Beyond Relative Risk: A Methodological Framework for Interpreting Measures of Effect and Improving Data Presentation in Randomized Controlled Trials (RCTs)

Abstract

Randomized controlled trials (RCTs) are the gold standard for evaluating the efficacy and safety of medical interventions. However, the interpretation of their results is often obscured by an overreliance on relative measures of effect, such as relative risk reduction (RRR) and hazard ratios (HRs). While statistically robust, these measures may mislead clinicians and patients when used in isolation. This article provides a methodological framework for the comprehensive interpretation of treatment effects in RCTs, emphasizing the importance of integrating absolute measures such as absolute risk reduction (ARR), number needed to treat (NNT), annualized NNT (aNNT), and number needed to harm (NNH). Additionally, we explore the conceptual differences between risk-based and rate-based measures, the clinical implications of time-to-event analyses, and the utility of composite metrics such as the likelihood of being helped or harmed (LHH). By adopting a multidimensional approach to effect estimation, researchers and clinicians can enhance the translation of statistical findings into meaningful clinical decisions. This approach also facilitates communication with patients.

1. Introduction

On 2 March 2026, a round table held at the MDPI headquarters in Basel, Switzerland (St. Alban-Anlage 66), brought together Prof. Francesco Locatelli, Prof. Jolanta Małyszko, Prof. Michel Jadoul, and Dr. Giovanni Tripepi to discuss key methodological issues related to the presentation and interpretation of data from randomized clinical trials (RCTs). These issues were originally raised in the Editorial by Prof. V.M. Campese entitled “Truth and Pitfalls of Evidence-Based Medicine” [1], and provided the conceptual framework for the present paper.

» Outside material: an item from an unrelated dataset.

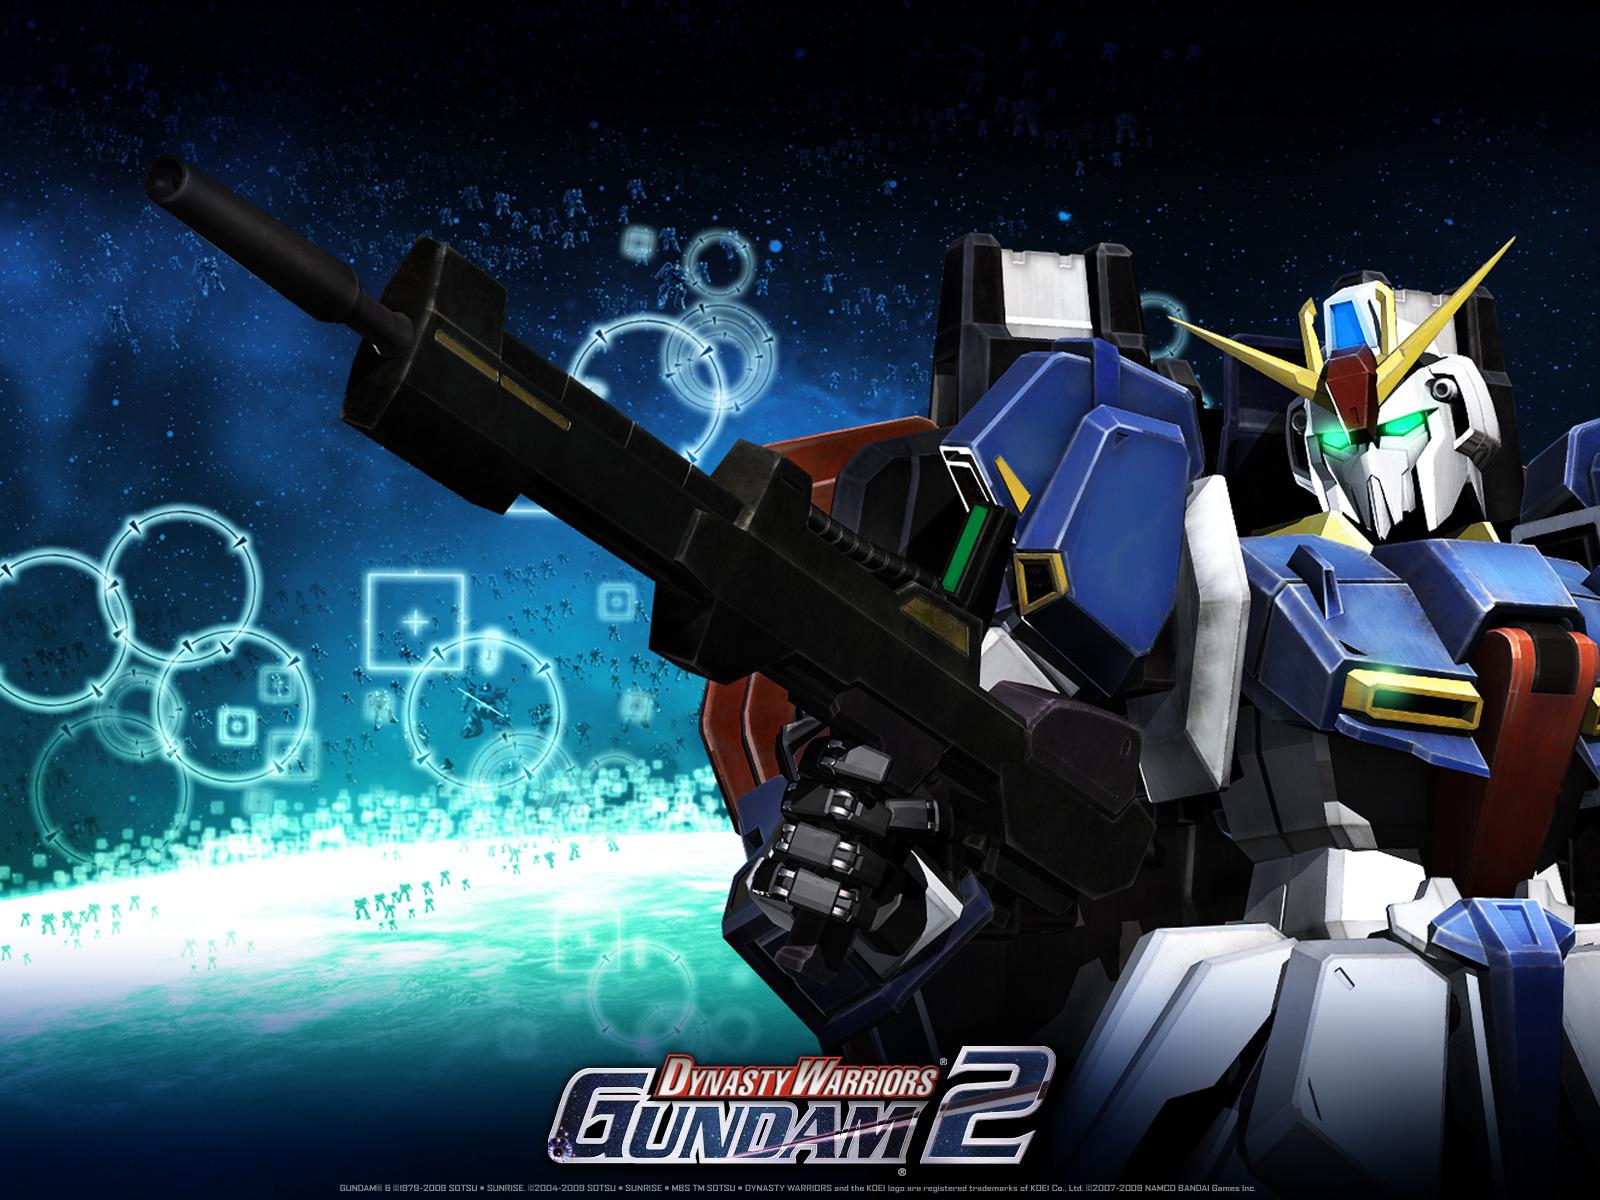 Gundam  Dynasty Warriors Gundam 2 Wallpaper Gallery   Best 1600x1200
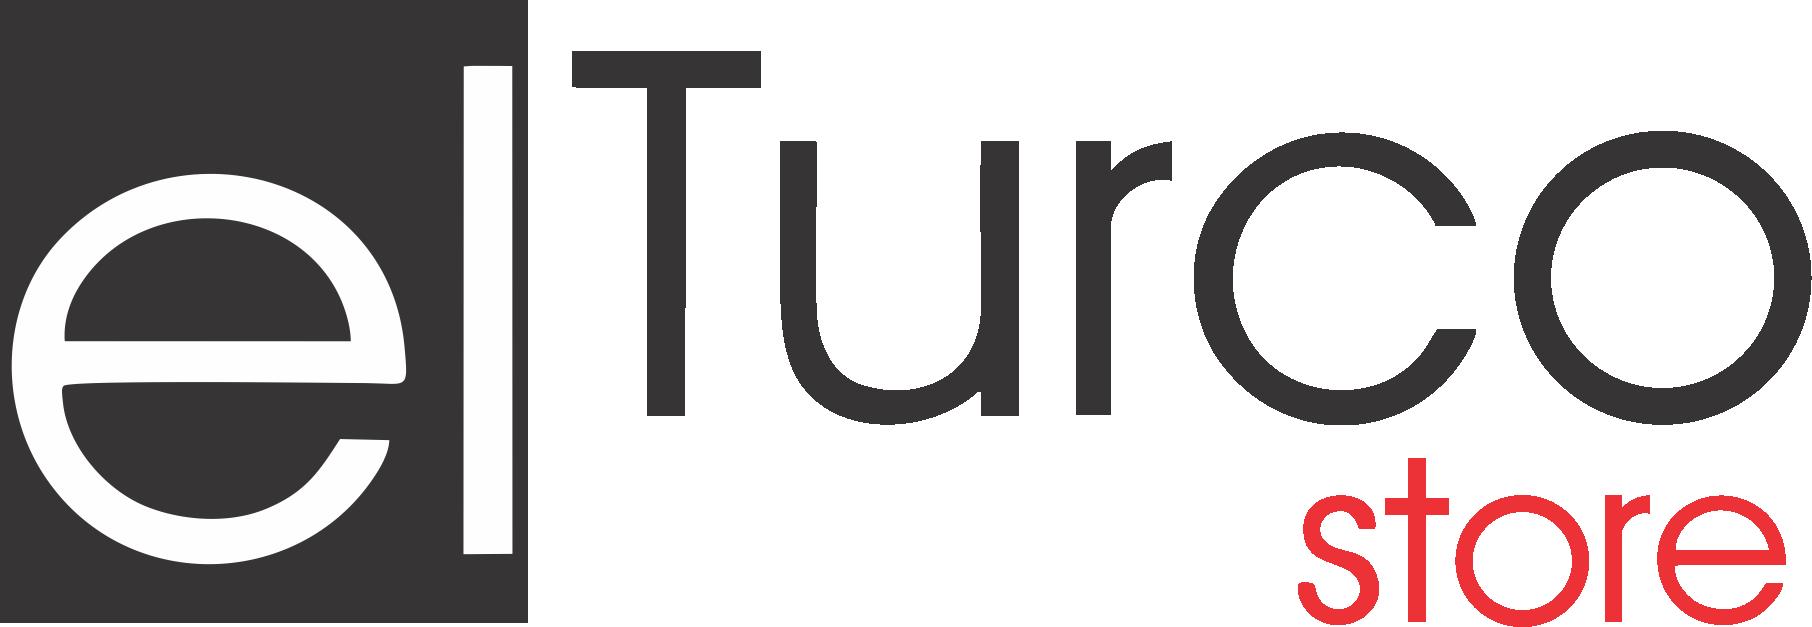 el turco store logo

RCTs are central to evidence-based medicine, providing high-quality data on the efficacy and safety of interventions. Despite their methodological rigor, the way results are reported and interpreted often limits their applicability and usability in everyday clinical practice. A persistent issue is the emphasis on relative measures of effect, particularly relative risk (RR) and hazard ratios (HR), without sufficient consideration of absolute measures. Relative measures are appealing because they tend to magnify perceived treatment benefits. However, they do not convey the actual magnitude of benefit or harm experienced by patients. This disconnect can lead to misinterpretation, suboptimal decision-making, and even ethical concerns when trial results are translated into clinical practice. This article examines the key effect measures used in RCTs, highlighting their strengths, limitations, and appropriate interpretation.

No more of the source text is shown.